NEW YORK – ViGeneron on Tuesday said the European Medicines Agency has granted permission to begin a clinical trial of its investigational gene therapy VG901 in patients with CNGA1-associated retinitis pigmentosa.
VG901 uses ViGeneron's proprietary adeno-associated virus vector to deliver a normal CNGA1 gene via intravitreal injection. CNGA1 mutations are known to cause between 2 percent and 8 percent of autosomal recessive retinitis pigmentosa, an inherited, rare eye disorder that starts as nighttime blindness in children and progresses to total blindness later in life.
Munich, Germany-based ViGeneron plans to study the safety, tolerability, and efficacy of VG901 in a Phase Ib dose-escalation trial involving patients who have retinitis pigmentosa due to biallelic CNGA1 mutations. The firm is currently developing an international regulatory strategy for this drug, and this trial is part of that plan.

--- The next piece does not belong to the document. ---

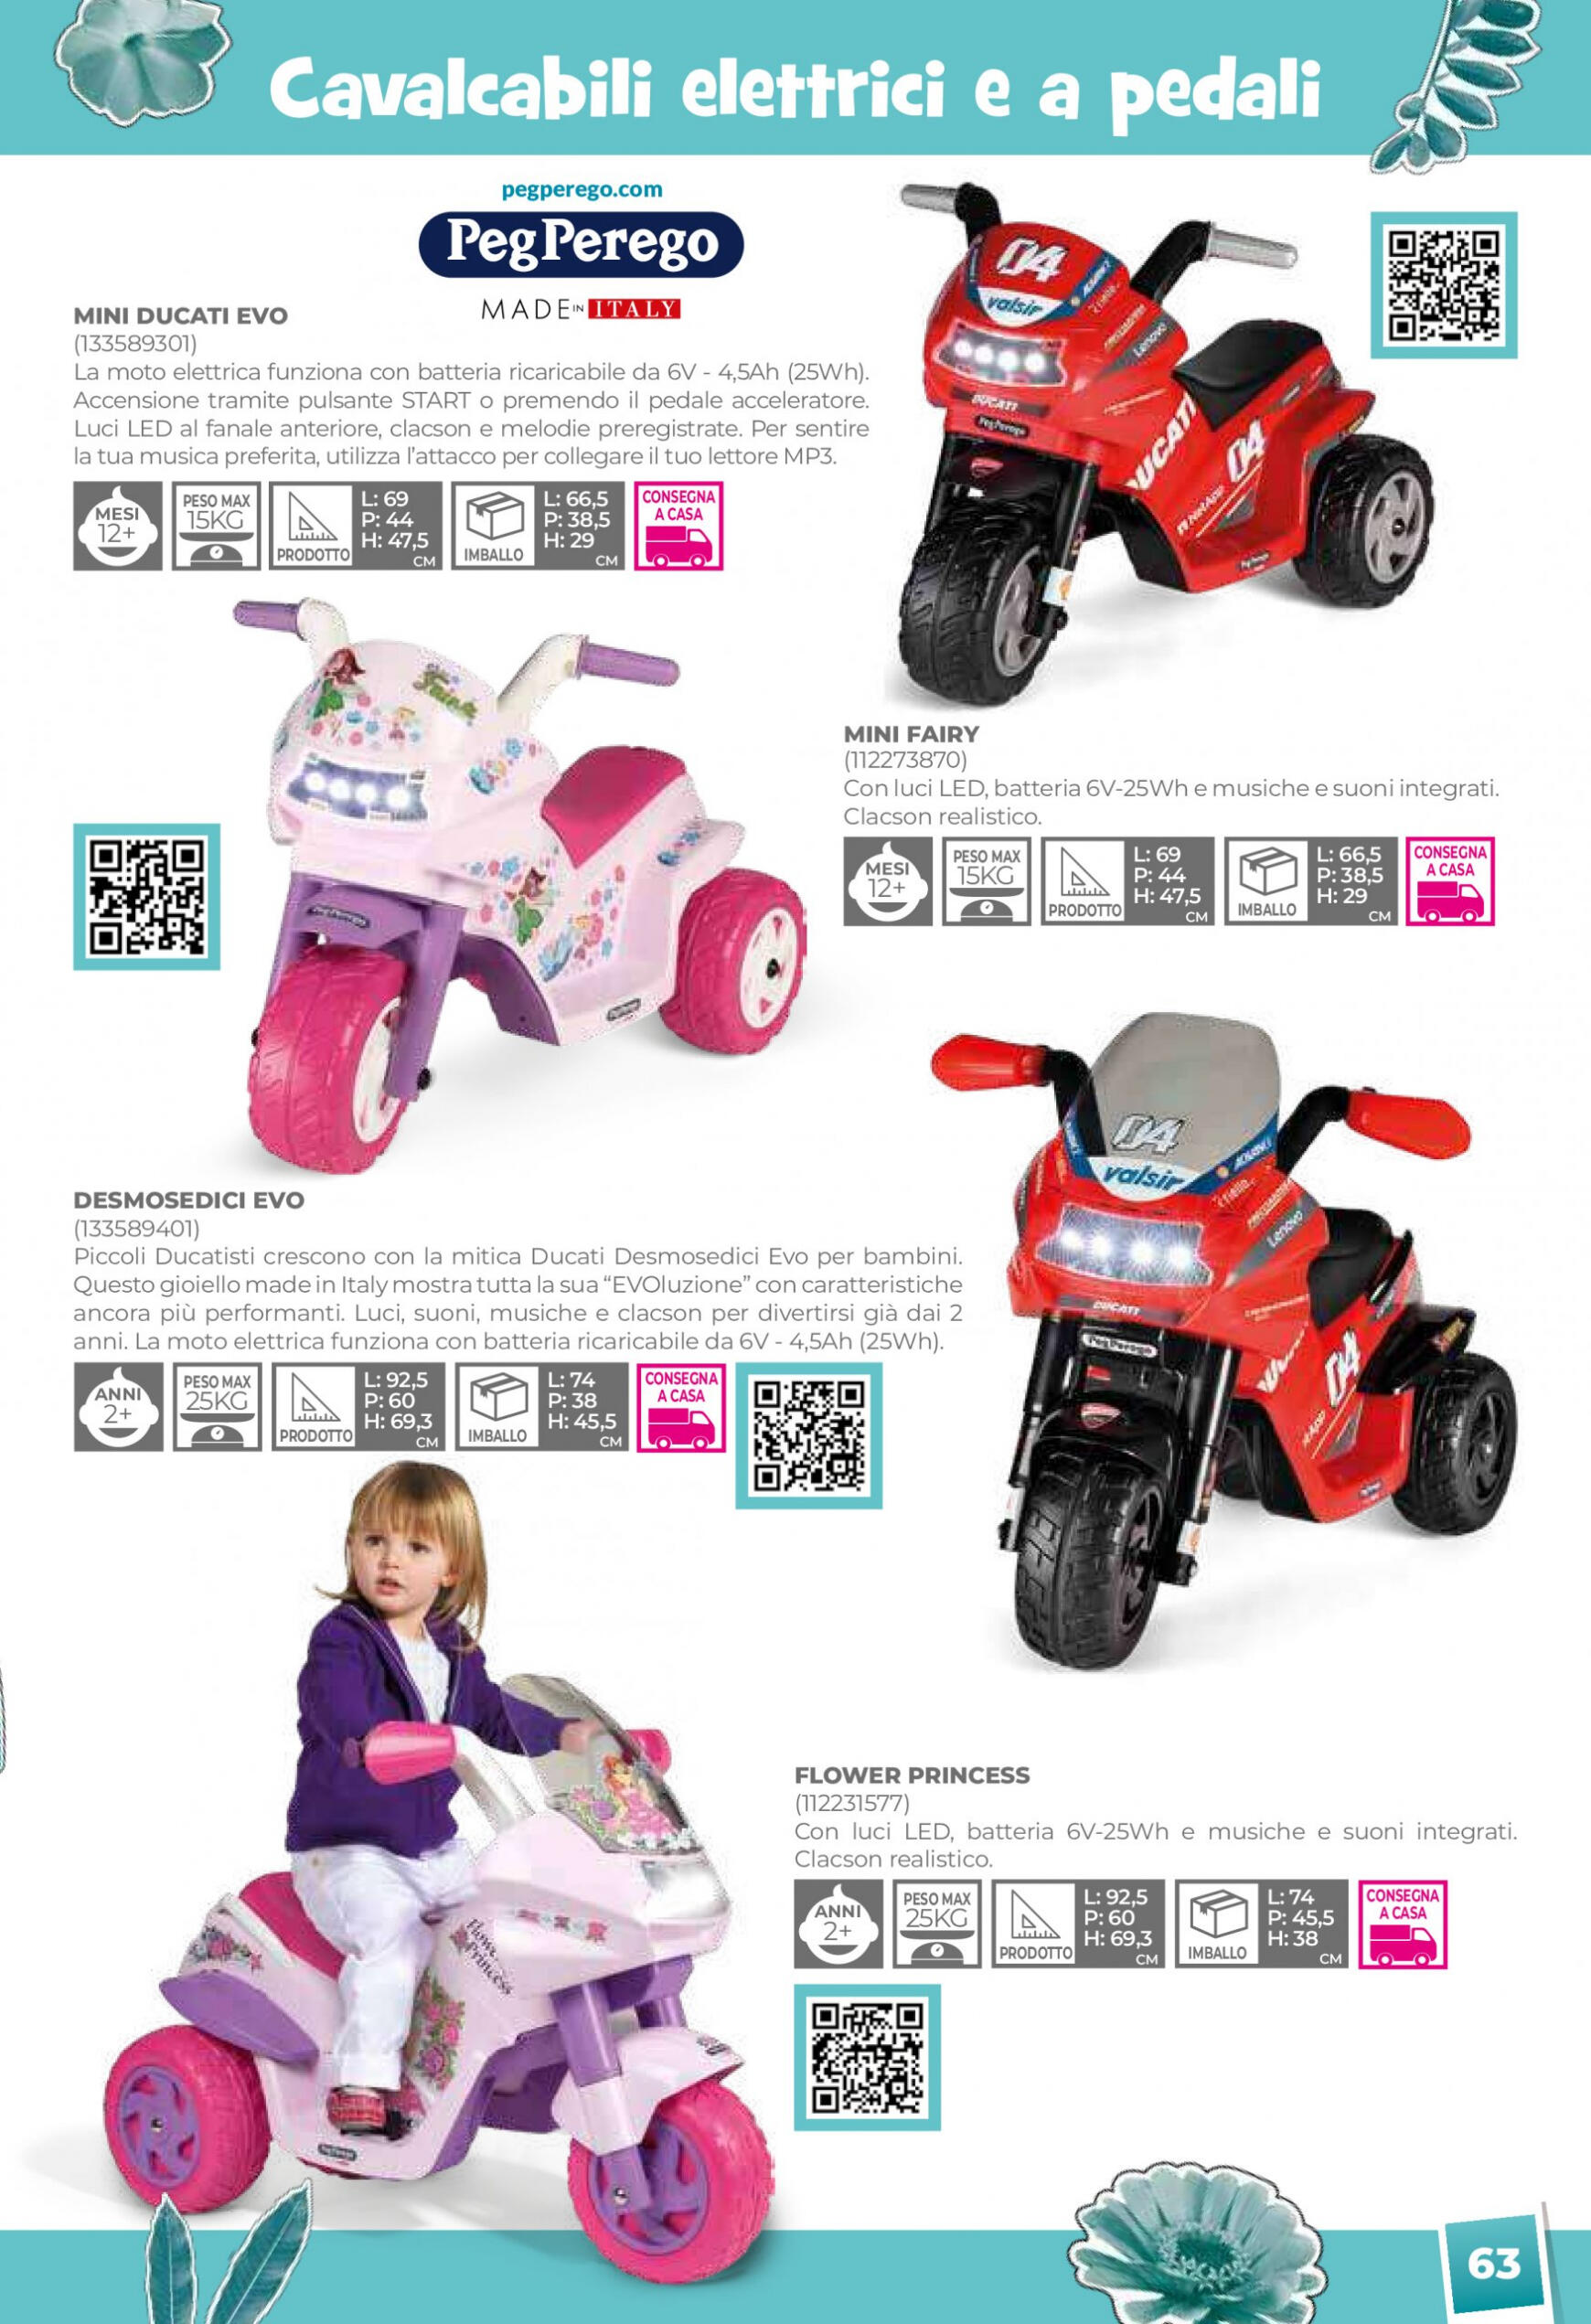 toys-center - Nuovo volantino Toys Center 01.05. - 31.12. - page: 65

In preclinical studies, VG901 appeared to be safe and delivered the normal CNGA1 gene in a mouse model of retinitis pigmentosa. The company believes that its proprietary vgAAV-based gene therapy delivered via intravitreal injection will enable easier administration and broader vector distribution compared to subretinal injections. ViGeneron is manufacturing the gene therapy with WuXi Advanced Therapies and said WuXi has successfully completed manufacturing clinical trial materials under good manufacturing practices standards.